Wednesday, October 13, 2010

Grabbing the dumps from the customer's machine

Occasionally I encounter the task of assisting the customer to get the bump of the crashed process. My company develops software for marine navigation systems, and as you can guess there some problems with internet connection in open sea. In fact, most of the vessels have internet access aboard, but it’s very slow due to the high price of satellite connections. In addition, in most vessels you can’t take direct connection to bridge environment due to security and technical restrictions. So, the only communication remains is e-mail ?

To save my time and customers peace of mind I wrote the trivial batch script, which reduce the amount of explanations to minimum:

@echo off

rem The processes of interest
set PROCESSES=(IBSSvc TBService scserver71)

rem List all processes in the system
tlist /v > dumps/processes.txt

rem Grab all dumps and debugger output for the processes of interest
for %%i in %PROCESSES% do cdb -pv -pn "%%i.exe" -logo dumps/%%i.txt -c ".dump /ma dumps/%%i.dmp;q"

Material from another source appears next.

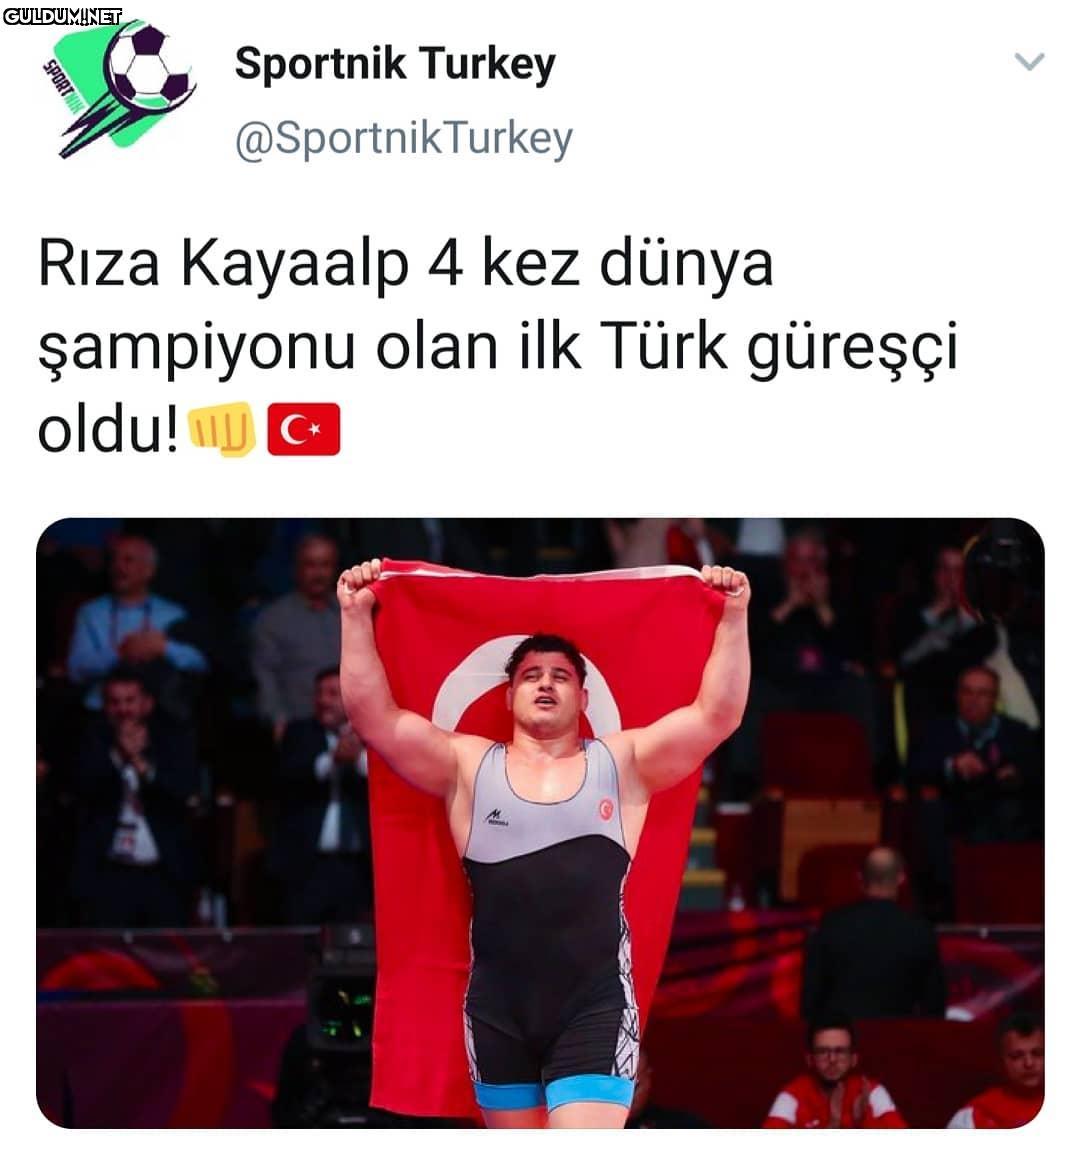 Sportnik Turkey...

All tools you need for script execution you can find in “Debugging Tools for Windows” suite.

Here is the list of modules:

* cdb.exe
* dbgeng.dll
* dbghelp.dll            
* ext.dll
* tlist.exe
* uext.dll

After that, I just pack all those stuff to self-extracting archive and send it to customer. After customer unpacks the archive and executes the script, he sends me content of the “dumps” folder back and I have the opportunity to analyze it.

You can modify the script the way you like and use it where appropriate.

Monday, October 4, 2010

Believe not all that you see

Last week there was very interesting story that can be useful for debugger users. During the application debugging (using WinDbg) we encountered with stable repeated crash. The source of the crash was found easily, but it confused us completely. The problem was in one processor instruction. The instruction add eax,10h was ended up with subtraction of 34h from eax register.

We had checked it several times but the result was absolutely identical. After that, we made several experiments with the following results:

1.    Whatever we put into the place of 10h, the result was subtraction of 34h from eax register.

2.    After we moved this instruction three bytes above or bellow the current adress (just noping the gap where instruction was) the effect disappeared immediately. But when we returned it back in its palce, the effect returned as well.

After some time of puzzling over I looked into the breakpoints list and noticed that there was a breakpoint set at faulting instruction. But instruction wasn’t highlighted in the debugger. When I checked the address of the breakpoint, I found out that the breakpoint was set not inside the first instruction byte (like it should be), but inside the third byte – that is in the place of 10h operand. Of course this “breakpoint” didn’t act like an actual breakpoint, processor just executed add eax,CCh instruction instead. And because of debugger hides all its breakpoints before it’s pass the control to user, we always saw add eax,10h instruction instead of real one.

So, the obvious question is: Why the debugger set this breakpoint?

And the answer is simple. The unresolved breakpoint was set during another debugging session of this process, and since the process binaries and symbols set were changed, the debugger figured out wrong address for the breakpoint (in fact, completely wrong :)). And because of debugger still considered this breakpoint as unresolved, we were encountering with this crash over and over again after restart of the process.